[Instructions for the task] Make an exact copy of the lines from the top of the entries below through the line with "Black marble and steel Minimalist side table". Leave all pictures out.
(Provided records)
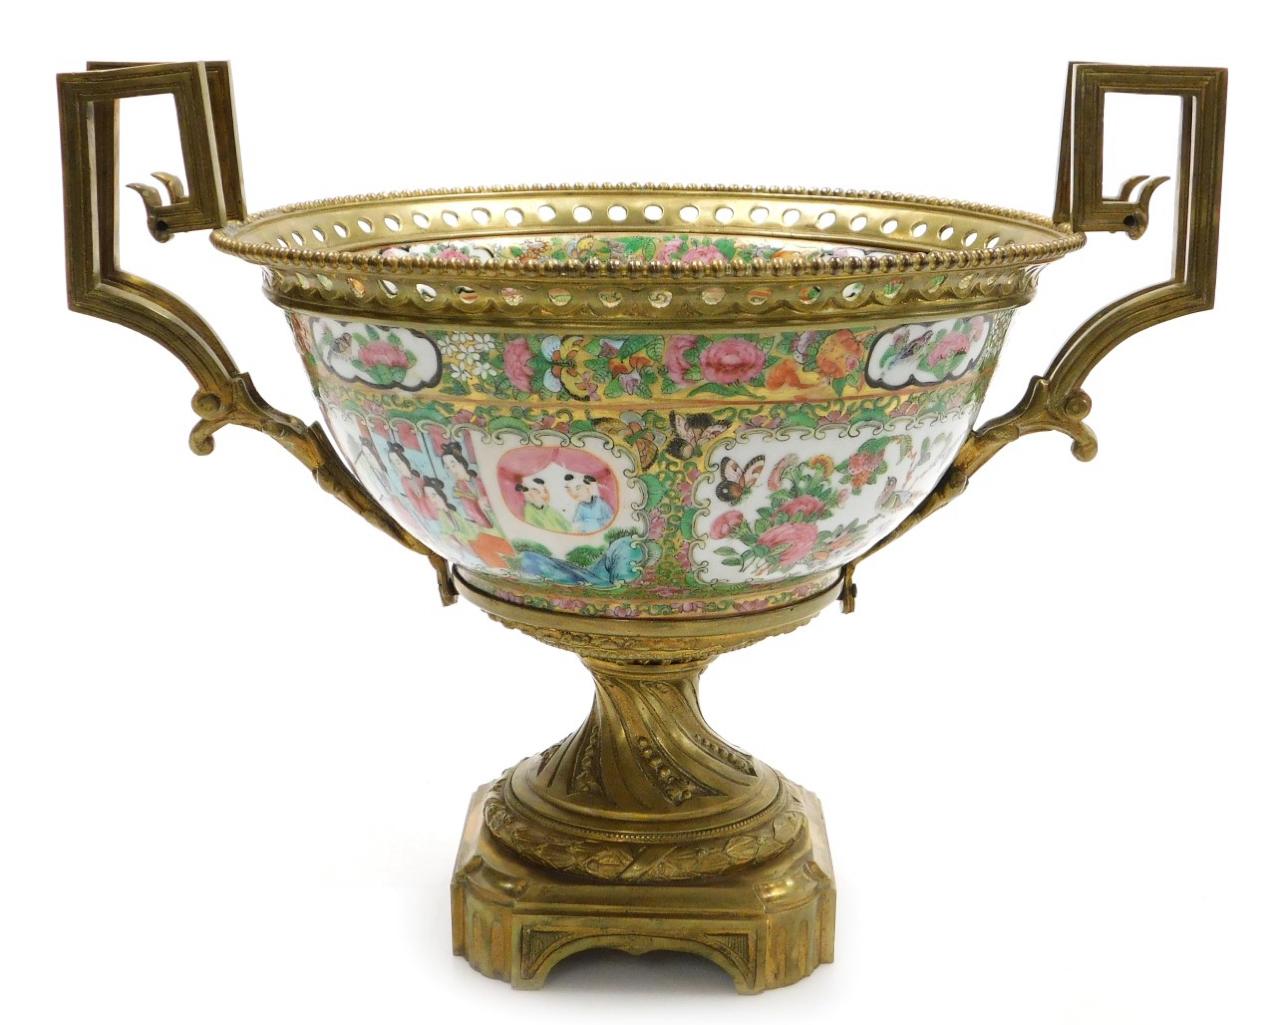 A Large 19th Century Cantonese famille rose porcelain and ormolu mounted bowl, with a beaded and pierced mount and angular scroll handles, the bowl decorated with reserves of figures, and birds, butterflies and flowers, within a gilt ground
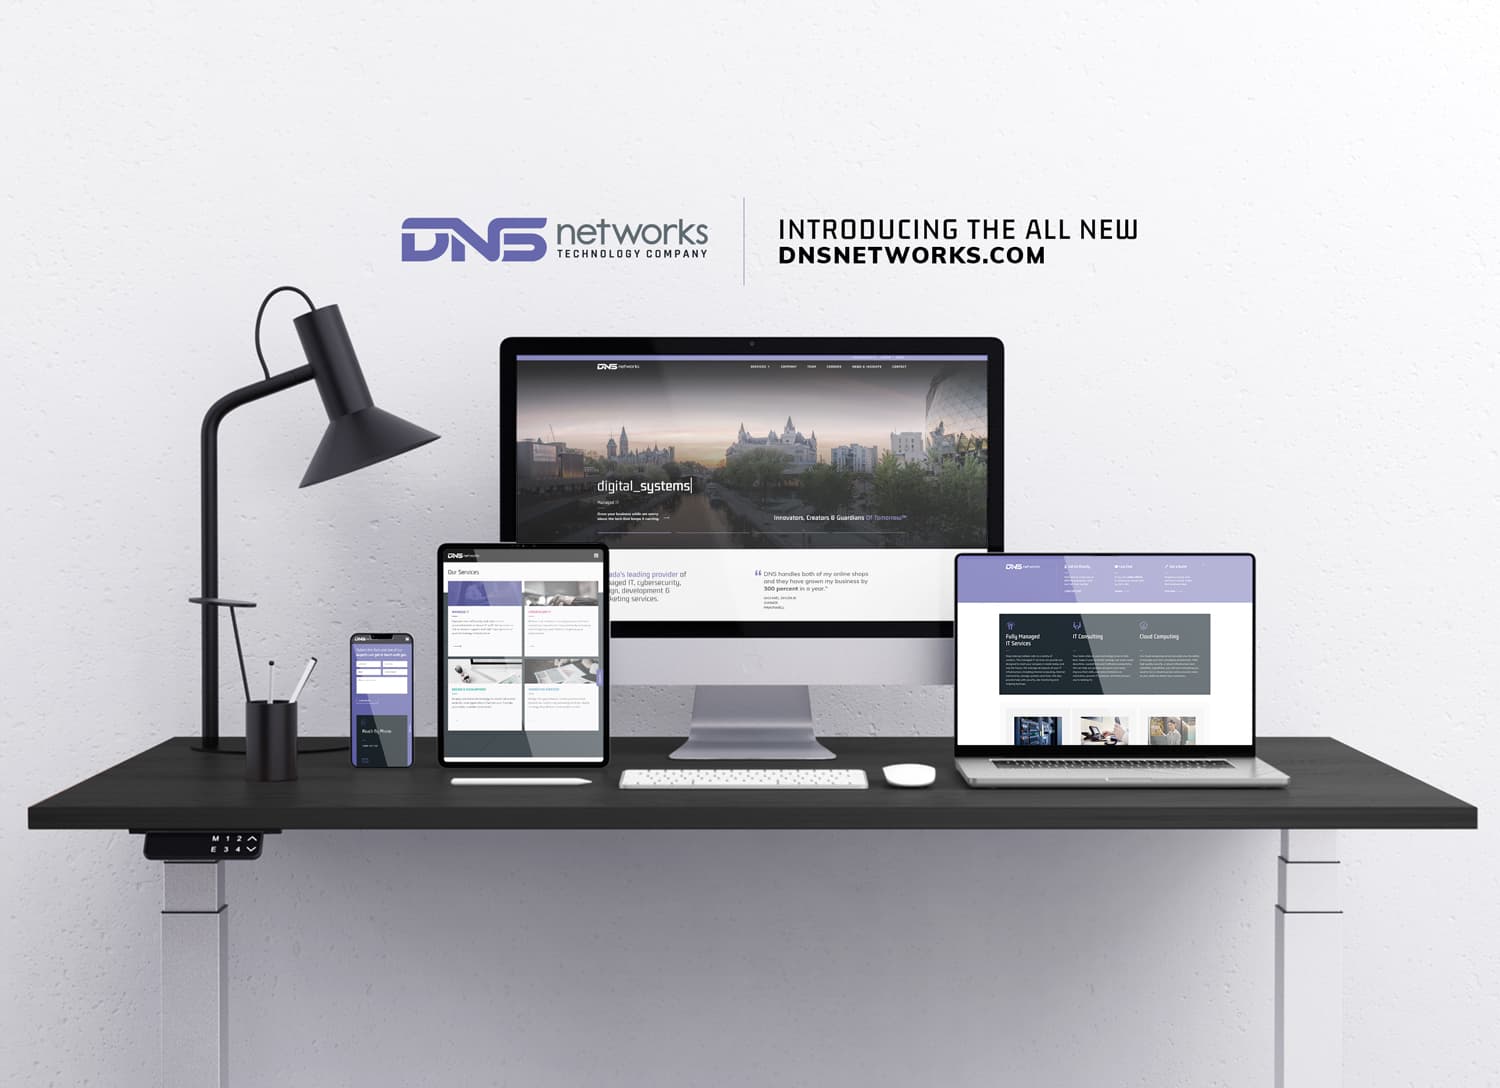 A visual look at the DNSnetworks website redesign.
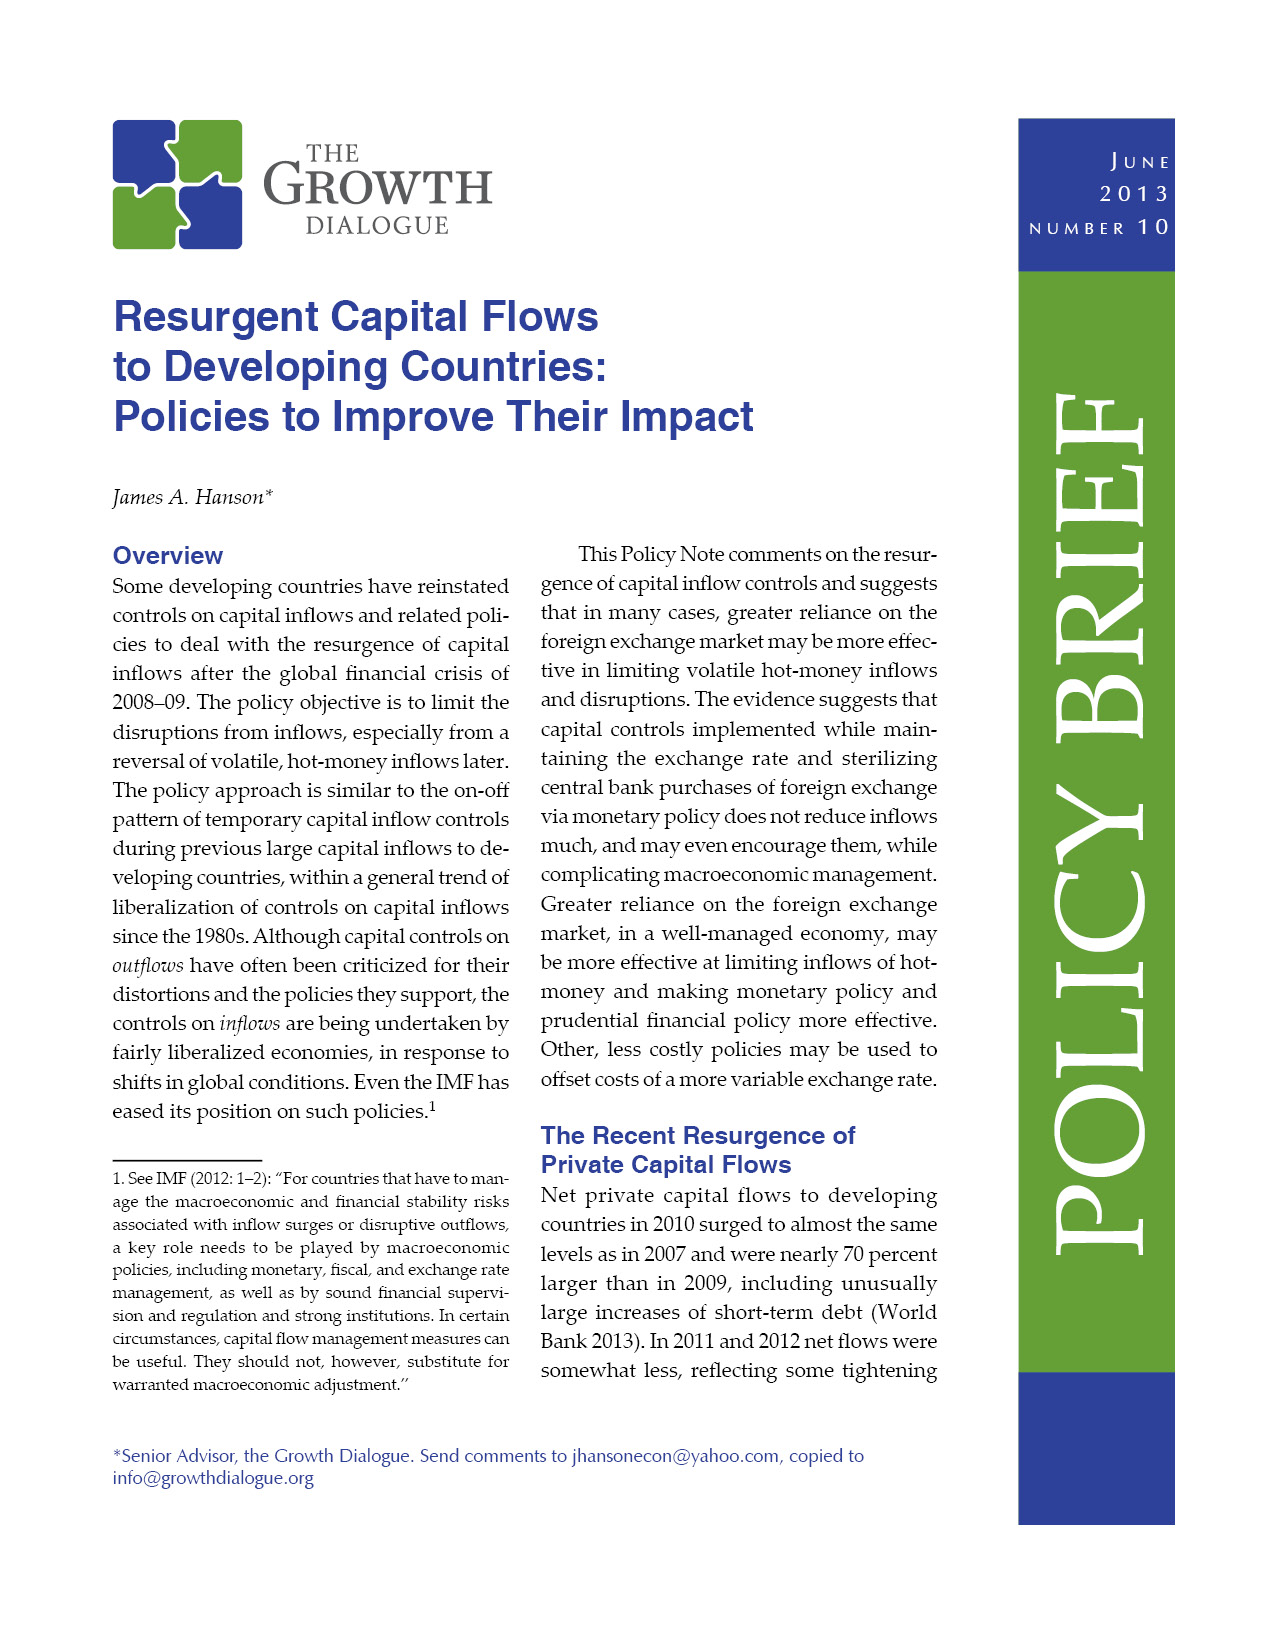 Resurgent Capital Flows to Developing Countries: Policies to Improve Their Impact
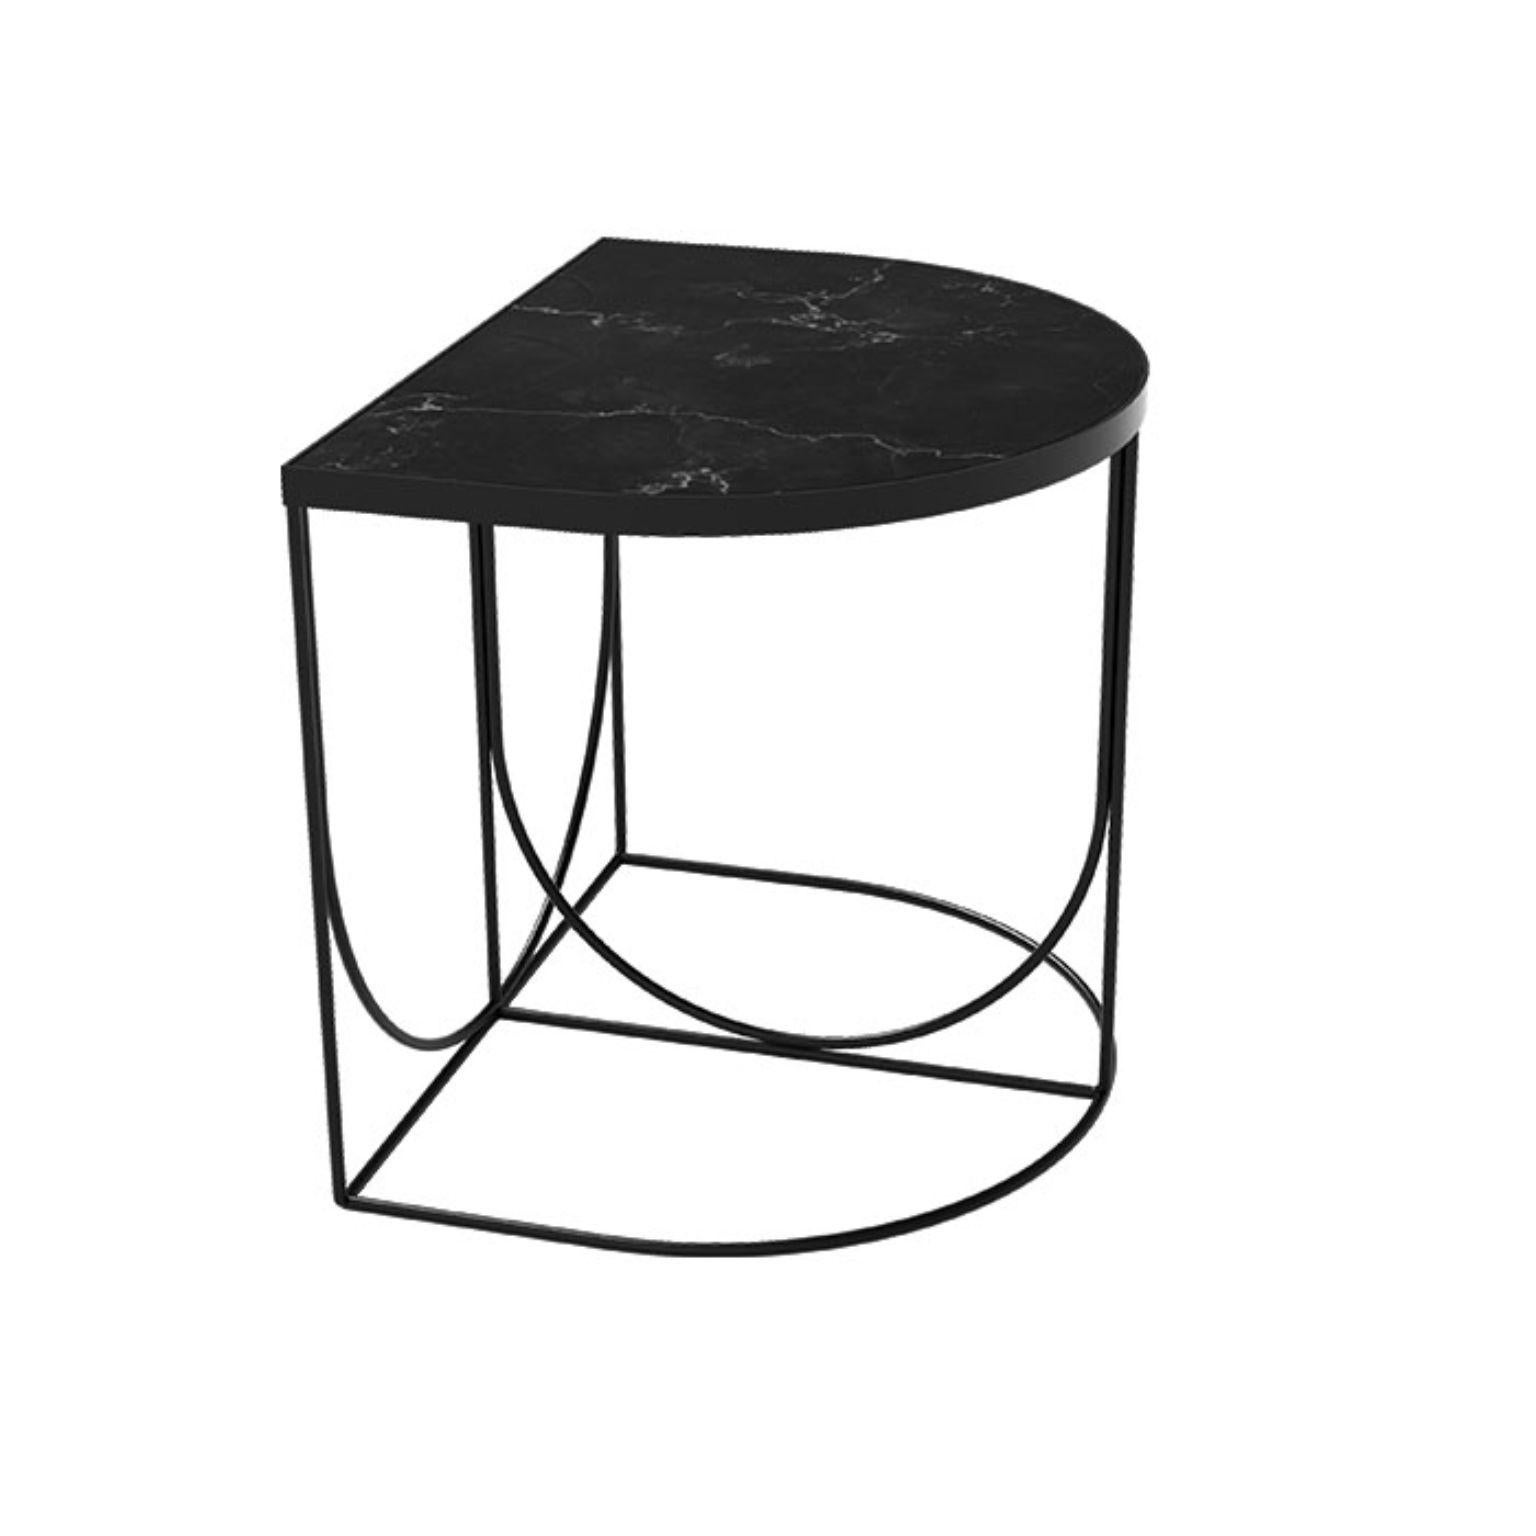 Black marble and steel Minimalist side table
Dimensions: L 40 x W 50 x H 44.3 cm
Materials: Marble, steel  

This series consists of three different designs that you can combine in many different ways. The table tops come in two different
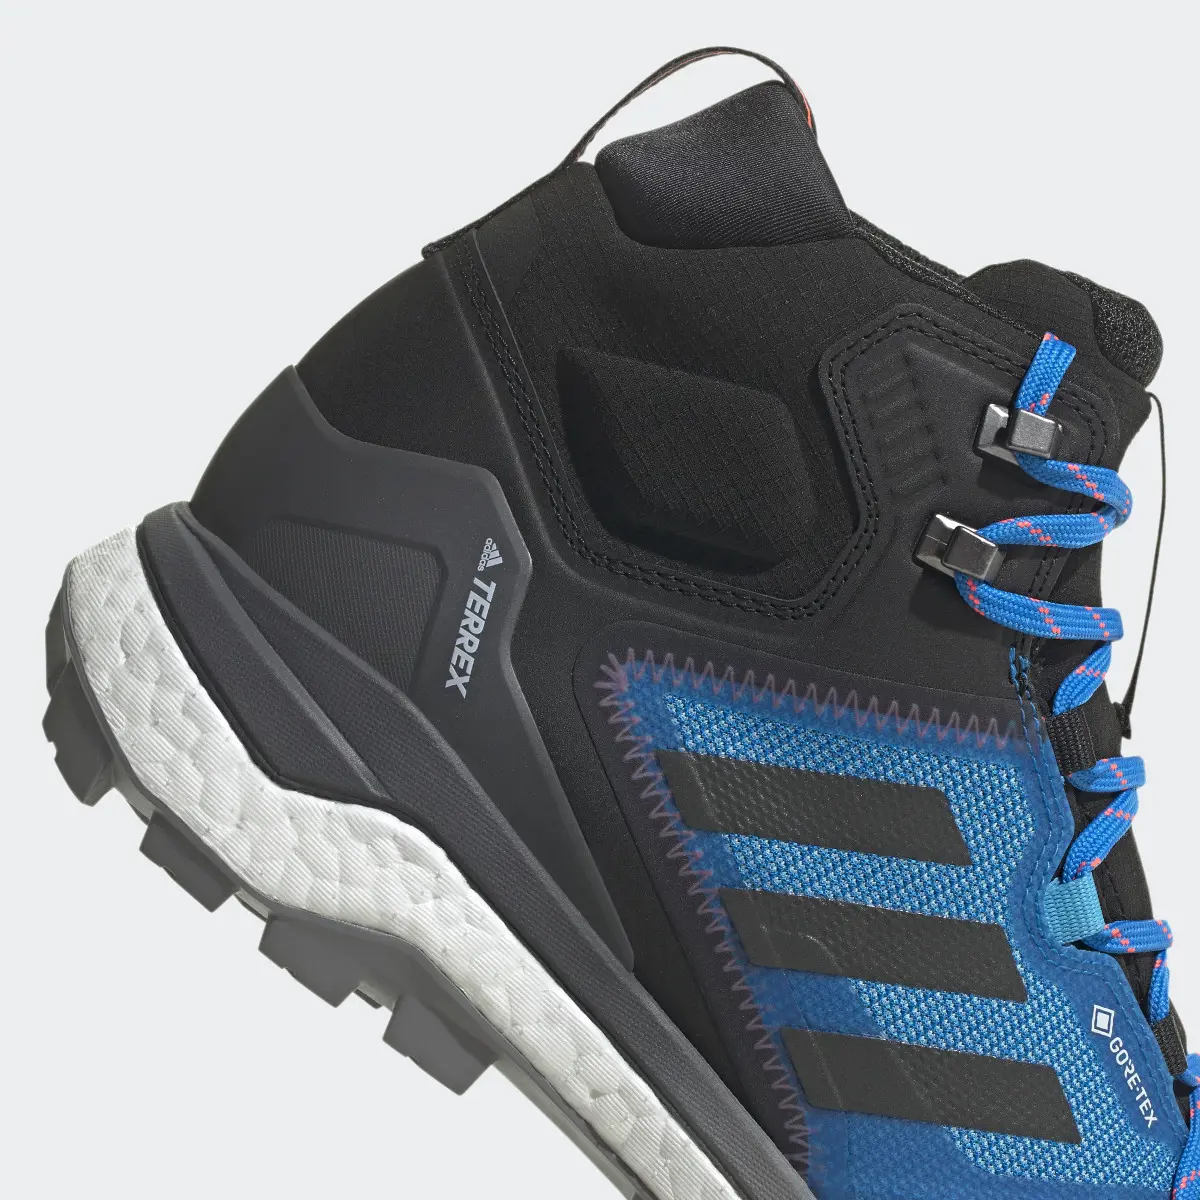 Adidas TERREX Skychaser 2 Mid GORE-TEX Hiking Shoes. 3
(End Provided records)
[Answer to the exercise]
 A Large 19th Century Cantonese famille rose porcelain and ormolu mounted bowl, with a beaded and pierced mount and angular scroll handles, the bowl decorated with reserves of figures, and birds, butterflies and flowers, within a gilt ground
 A visual look at the DNSnetworks website redesign.
 Resurgent Capital Flows to Developing Countries: Policies to Improve Their Impact
 Black marble and steel Minimalist side table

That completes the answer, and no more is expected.